Finally! I’ve plotted cases wherein the better fit is
logistic —considerably better than a simple exponential.
(Thanks to Brian W.) Deaths next.

It may be I am a prisoner of my own devise; but comparing bc's
Andorra scatter plot of cases per day using the raw rate data
suffers from the inevitable noise.
Can YOU define the peak case rate day from this plot?

How much better to derive cases per day using the logistic
parameters with which he modeled the cumulative cases, like this:

https://imgur.com/BR1US5H

Being old school I prefer to fit my data to a line whenever possible. That way I can see for myself in a more natural way how well the data fit the model, and which regions of the data do better, and which ones do worse in fitting said model. The main caveat is that any initial error bars/bands on the original raw data need to be carried through the nonlinear transformation to the resulting linear model so the transformed data points can be properly weighted in the fitting procedure for the line. After the fit/regression to the line is made the function is inverse-transformed back to the nonlinear original model that was to be fitted.

It is possible to massage data that is to be fit to a simple logistic model in a way so it is to be fit to a line, *even* though the logistic model has 3 parameters (asymptote height, initial exponential growth rate & inflection point location, i.e. location of the half-max-asymptote), and a line has just 2 parameters. The trick is to not plot a time series (which contains the temporal data needed for the location of the inflection point) and rather plot just the data values, and their relative changes, without indicating *when* those data values were taken in any absolute sense. After the fit is made to the line the location of the inflection point in time can be found later by other means. Below is the scheme for fitting discrete logistic data to a line as a means for finding the data's fitted logistic parameters.

Let y_n be the n-th data value that is to be fitted to the logistic model. The adjacent n-values are assumed to be equally separated in time. This means one is attempting to fit the data to a model of the form:

y_n = y_∞/(1 + (1 + g)^(n* - n))

where y_∞ is the final asymptotic maximum y-value (i.e. total number of deaths after the plague is over), and 1 + g is the initial adjacent value increase factor between y_n and y_(n-1), i.e. y_n/y_(n-1) --> 1 + g initially when the process is starting out (near n --> - ∞ ). So g is the initial adjacent datum relative increase. (It's sort of a daily compounded interest rate that is supposed to be gamma, but it's written as g to avoid font problems with Greek letters.) Note the initial exponential amplification rate for unit sample time is ln(1 + g). Here n* is the effective sample number at the inflection point where y_n* = y_∞/2 and the rate of increase peaks. To fit the data to a line and extract the values of y_∞ and g one simply plots y_n/y_(n-1) - 1 vertically versus y_n horizontally for all y_n values available. Do not *plot* n horizontally. Because the ordinates are adjacent relative differences (i.e approximations to a logarithmic derivative) they are quite noisy, especially so initially where the number statistics are low and the propagated error bars are huge. But for the higher y_n values the statistics become more manageable, the error bars narrow, and the plot settles down to a reasonable line to which the model parameters can be fit. Once one has the fitted line drawn its horizontal axis intercept is the model's long time asymptotic maximum value y_∞. The vertical axis intercept is the initial relative growth parameter g (initial daily compounded interest rate) at very low n-values.

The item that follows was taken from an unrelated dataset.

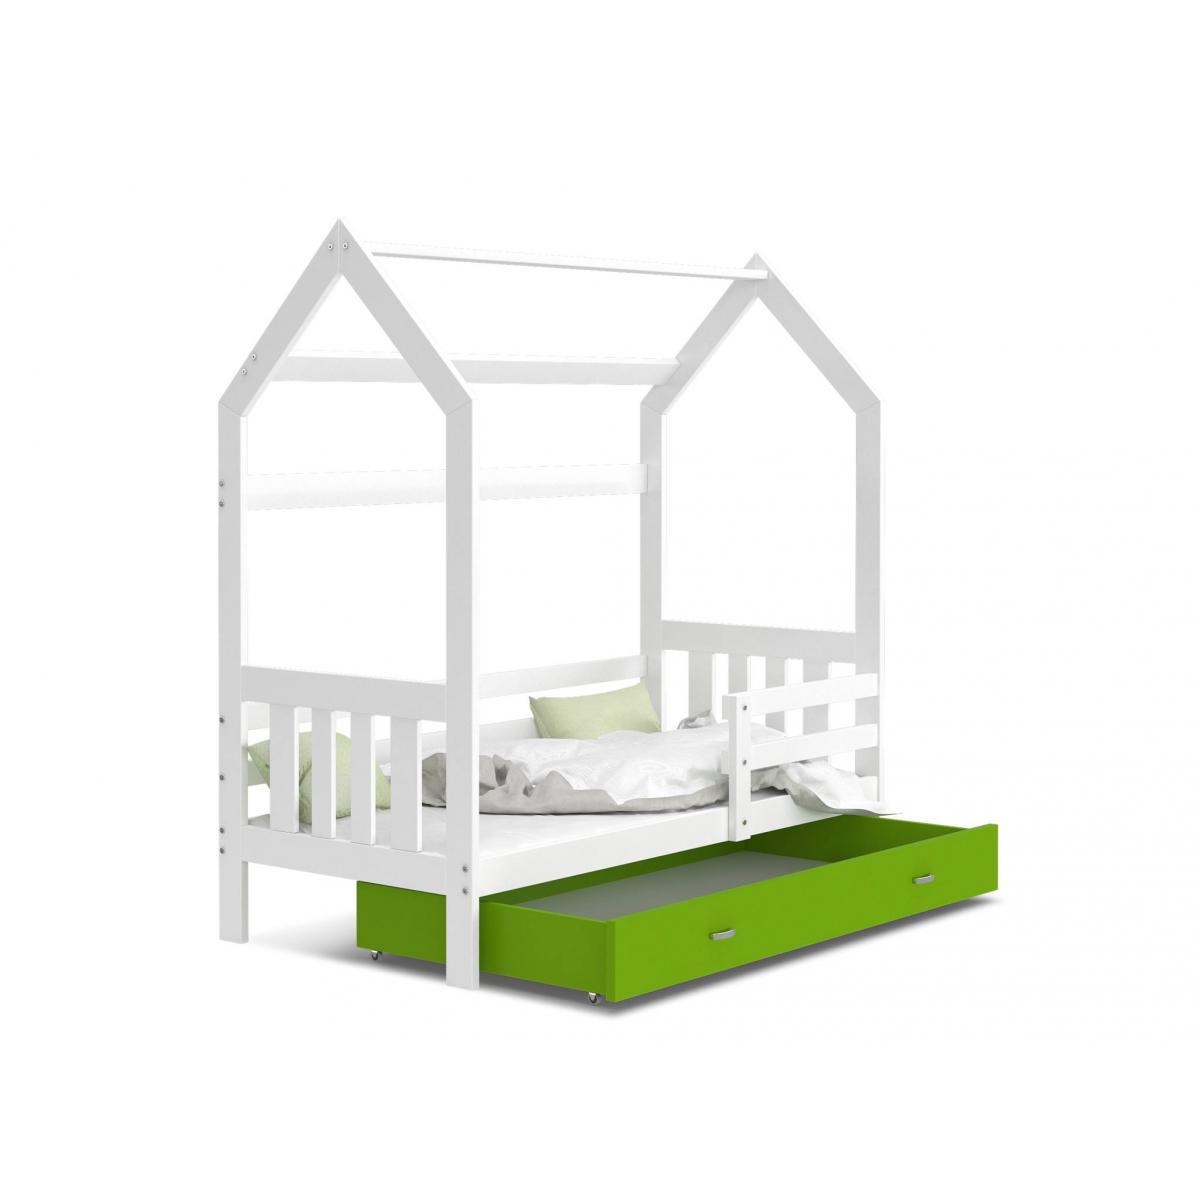 Kids Literie Lit cabane 2 Blanc-Vert 80x160livré avec sommier, tiroir et matelas de 7cm OFFERT.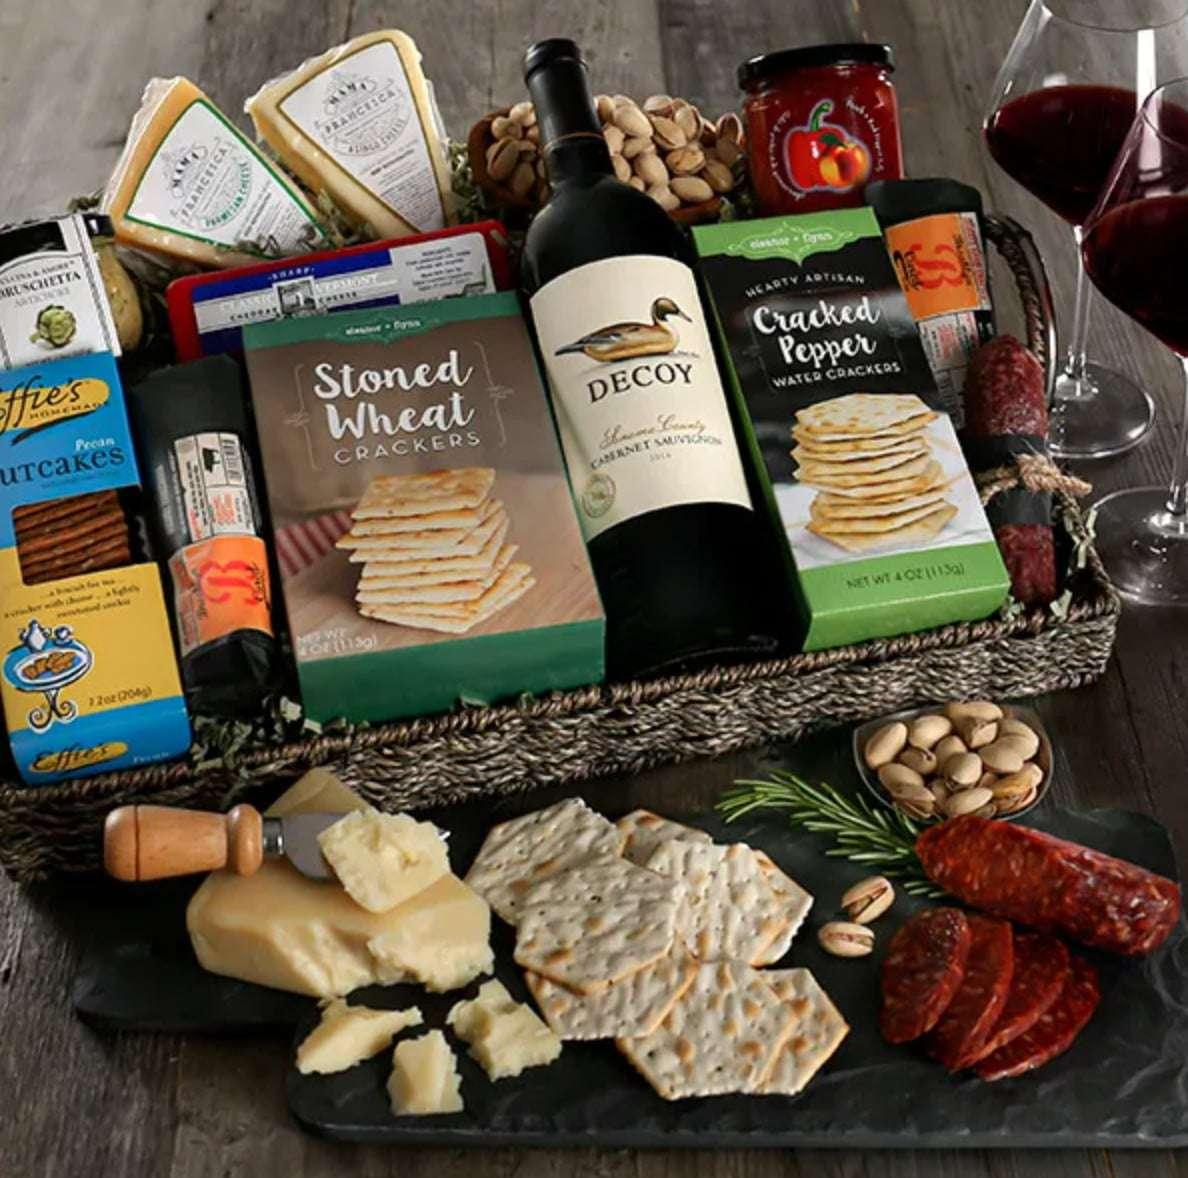 gourmet-gift-baskets-artisan-charcuterie-wine-tray

After the parameters y_∞ & g are found one can turn one's attention to the value of n* (the location of the inflection point). One way to do it is to interpolate the n-value where the fitted model curve hits y_∞/2 in the data. A probably better way is to take a weighted average over all the data points of the values of

ln(y_∞/y_n - 1)/ln(1 + g) + n

If the fit was perfect each of these averaged values would be n*. So the average is an estimate for n*. The weightings used in the averaging could be taken from the propagated error bars on all the data. But I would prefer to overweight the data values with the steepest slopes near the inflection point because any error in the value of n* will affect the fit the most near those values. This is because horizontally displacing a steep line does more damage than horizontally displacing a shallow line by the same amount.

Notwithstanding JD's comments about combining data from differing regions with different local dynamics, using the Worldometers death data for the whole US from about March 19 to April 12 gives a fairly decent extractable line, at least for the later data values with the best statistics. It appears that a simple logistic model gives an asymptotic y_∞ value of around 32000 - 33000 US deaths (with much larger error bands) and the date of the inflection point was sometime around April 8 - 9.

Nevertheless I should mention that I doubt that the simple logistic model is appropriate, not only because of JD's warnings about regional variations, but also because the dynamical process modeled is far more complex that a simple logistic model can accommodate. If, in the end, the model works out well it would do so only by accident. One problem with a logistic function, being the simplest function that has exponential growth at the left side end and exponential decay to an upper bound at the right side end, is that both the left side exponential growth and right side exponential decay necessarily have the *same* exponential rate. Also, the slope of the function (i.e. density) is the square of a hyperbolic secant function centered on the inflection point. Such a function has an even symmetry in time, a symmetry probably not in a realistic model . And the original cumulative logistic function is actually a vertically shifted (by y_∞/2) hyperbolic tangent function with odd symmetry about the inflection point.

2*y_n/y_∞ - 1 = tanh(½*(n-n*)*ln(1 + g))

which means that

y_n + y_(n* - n) = y_∞

There is absolutely no reason to expect any real contagion to possess such symmetries--even when confined to local regional values.

David Bowman